• _How to complete this task_:
An exact copy of the listing below is needed, with no pictures in it.

• _Dataset content_:
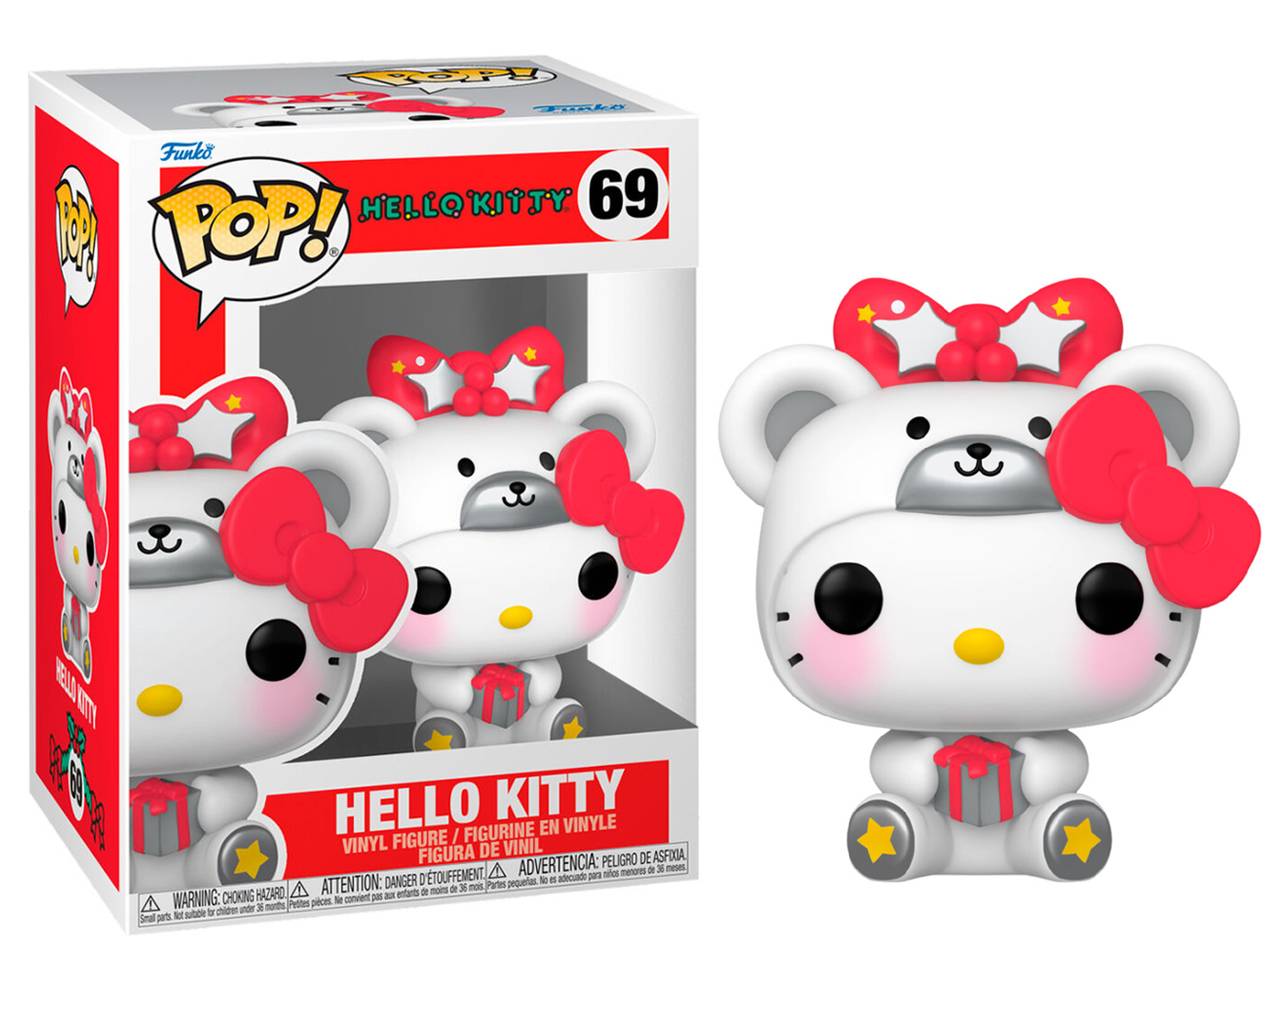 Hello Kitty (Christmas Gift) - Sanrio Hello Kitty Pop! Vinyl
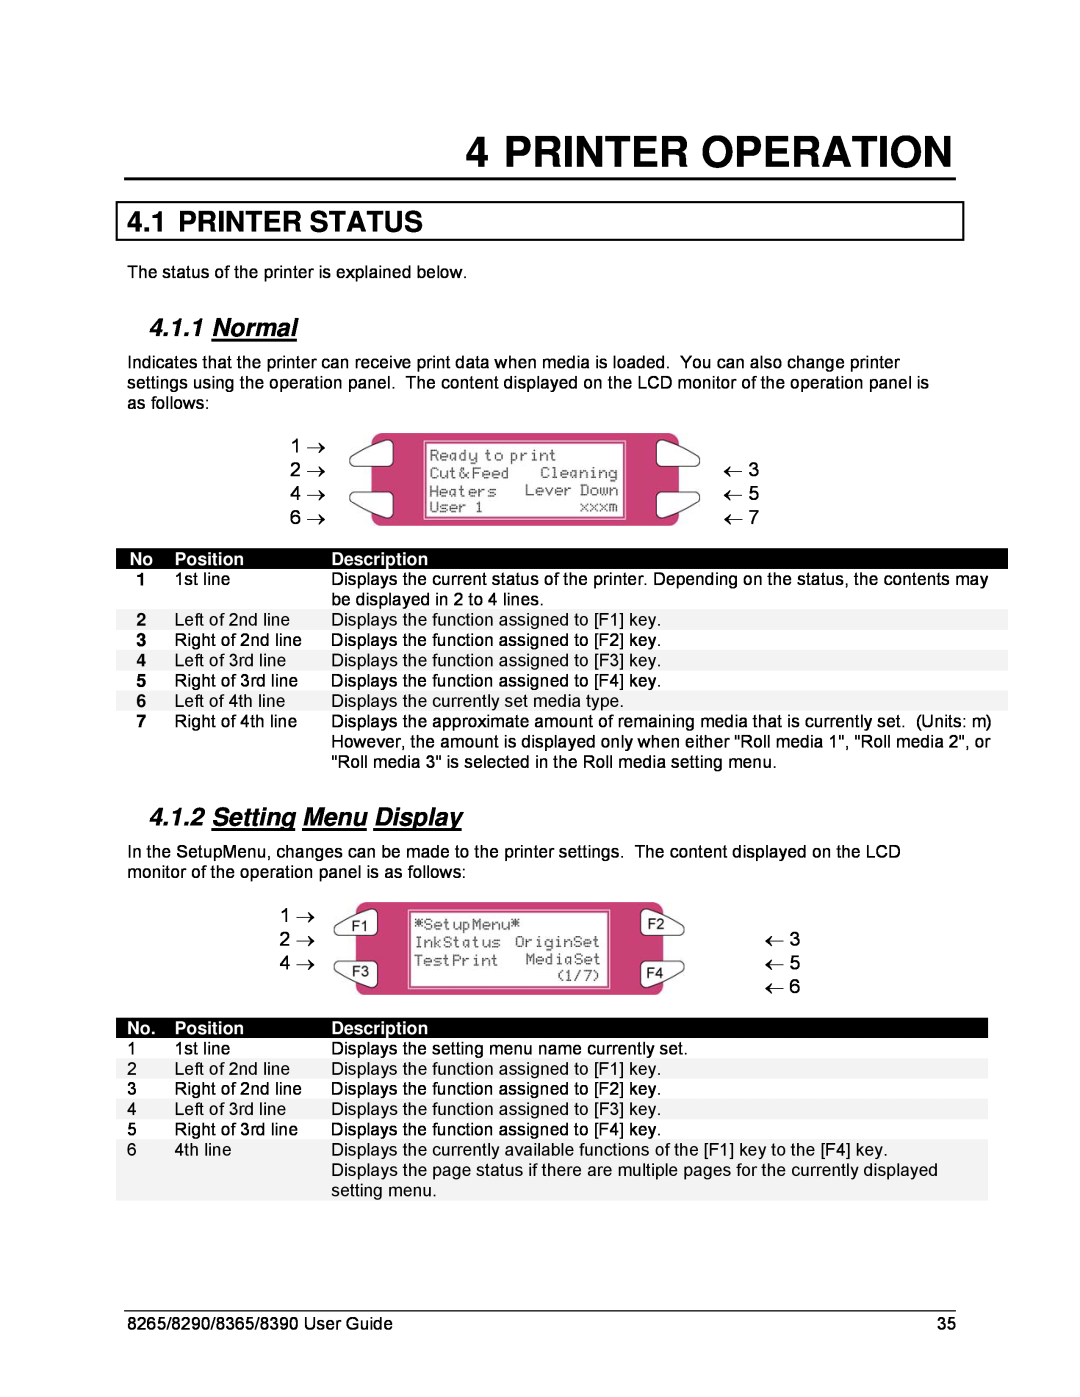 Xerox 8365 Printer Operation, Printer Status, Normal, Setting Menu Display, 1 →, 2 →, 4 →, 6 →, No Position, Description 
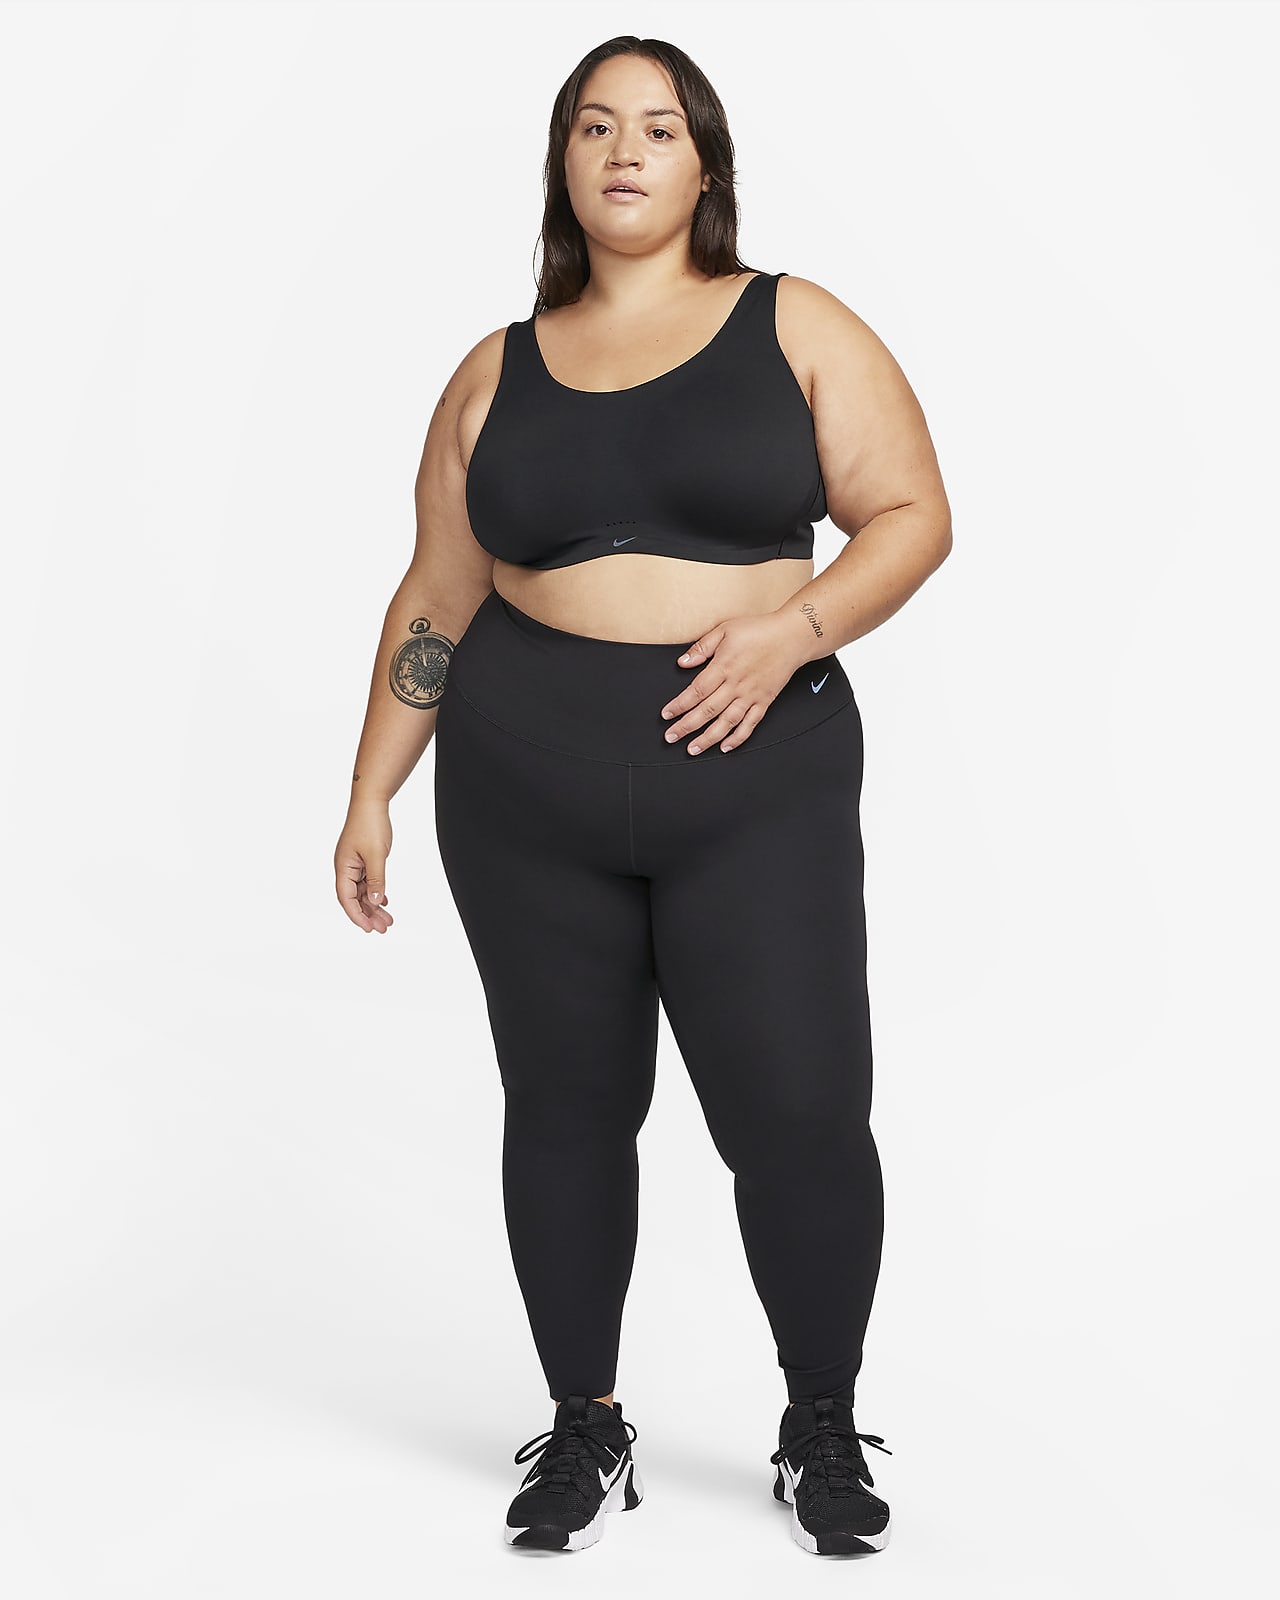 Nike Yoga Luxe Alate dri fit light support sports bra in black ombre
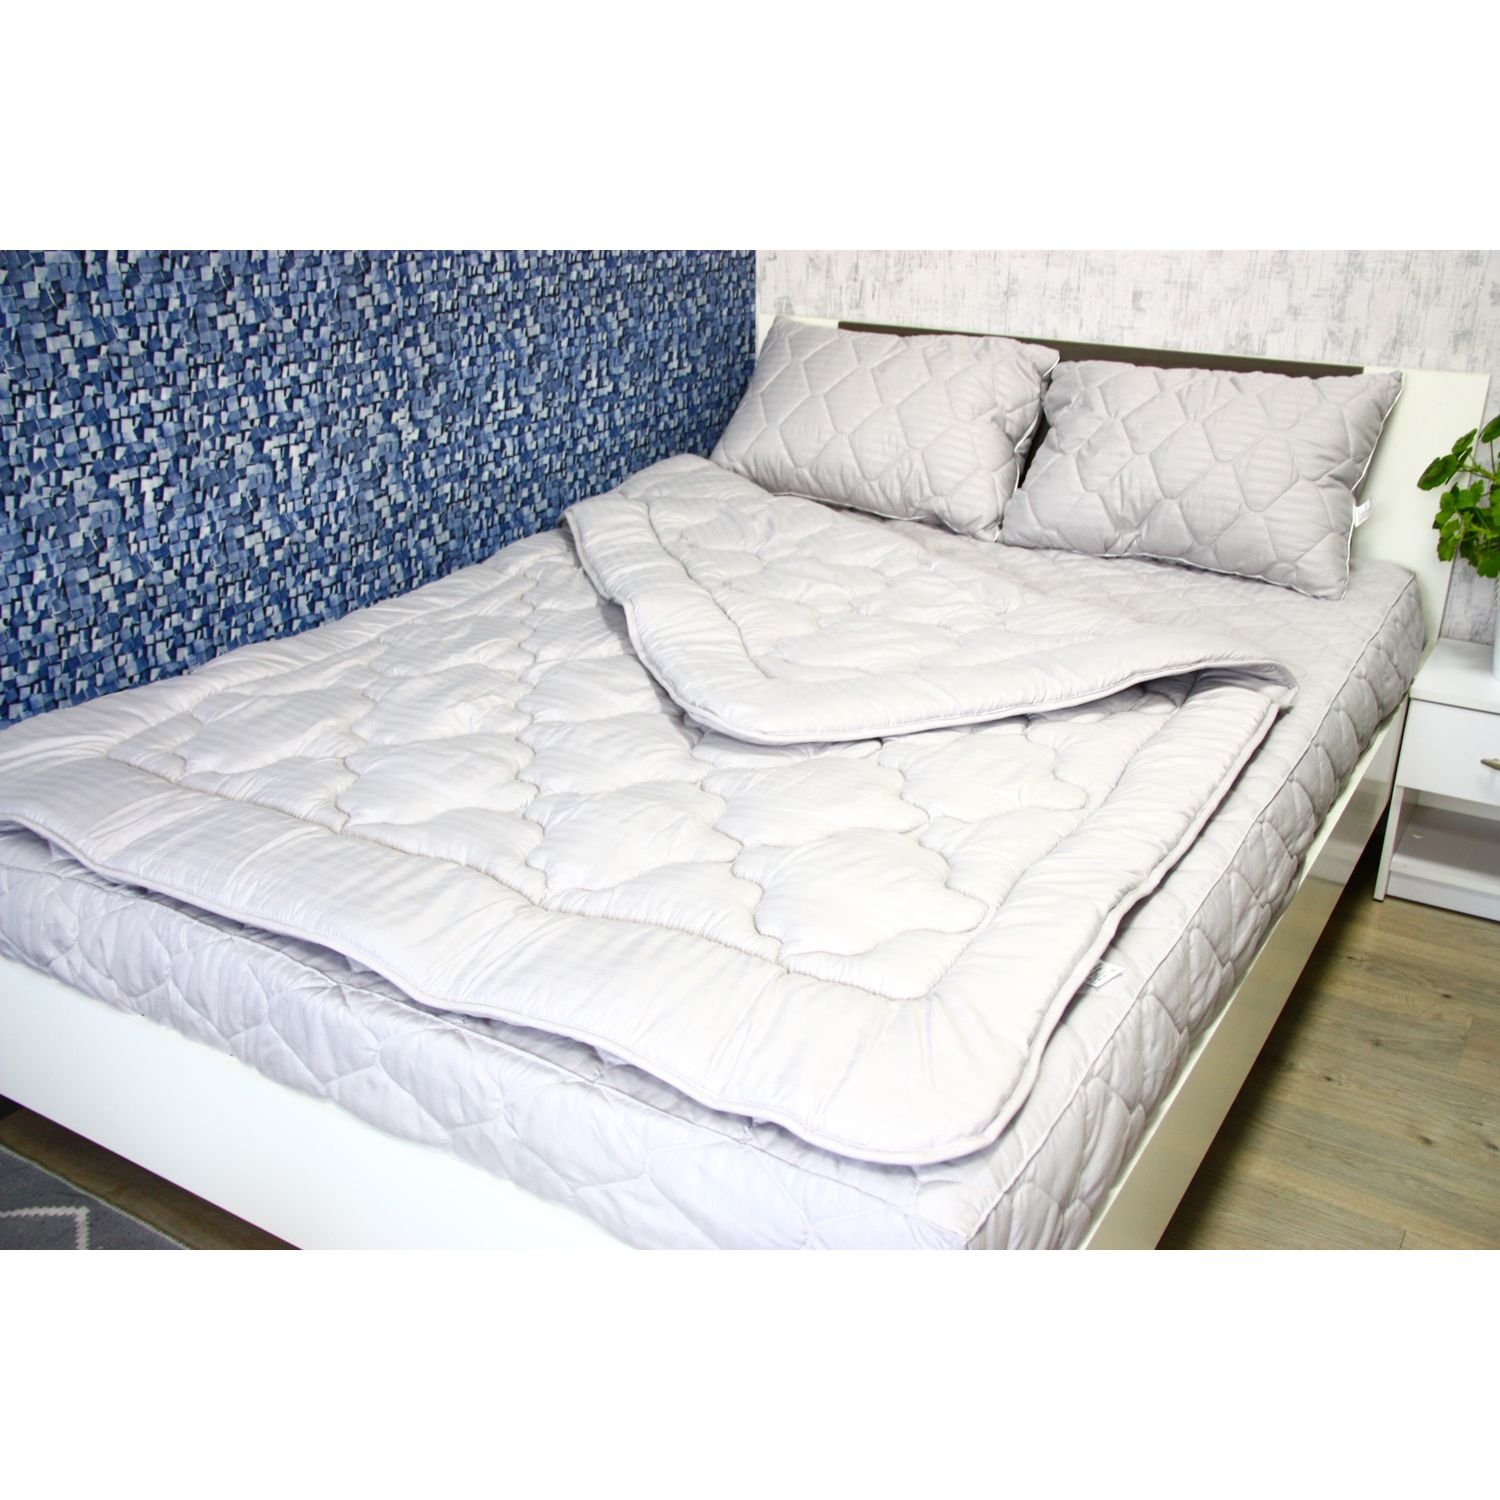 Одеяло LightHouse Soft Line Mf Stripe grey, 140х210 см, серое (602244) - фото 9

• _Task solution_:
 Hello Kitty (Christmas Gift) - Sanrio Hello Kitty Pop! Vinyl
 Xerox 8365 Printer Operation, Printer Status, Normal, Setting Menu Display, 1 →, 2 →, 4 →, 6 →, No Position, Description 
 Nike Yoga Luxe Alate dri fit light support sports bra in black ombre
 Одеяло LightHouse Soft Line Mf Stripe grey, 140х210 см, серое (602244) - фото 9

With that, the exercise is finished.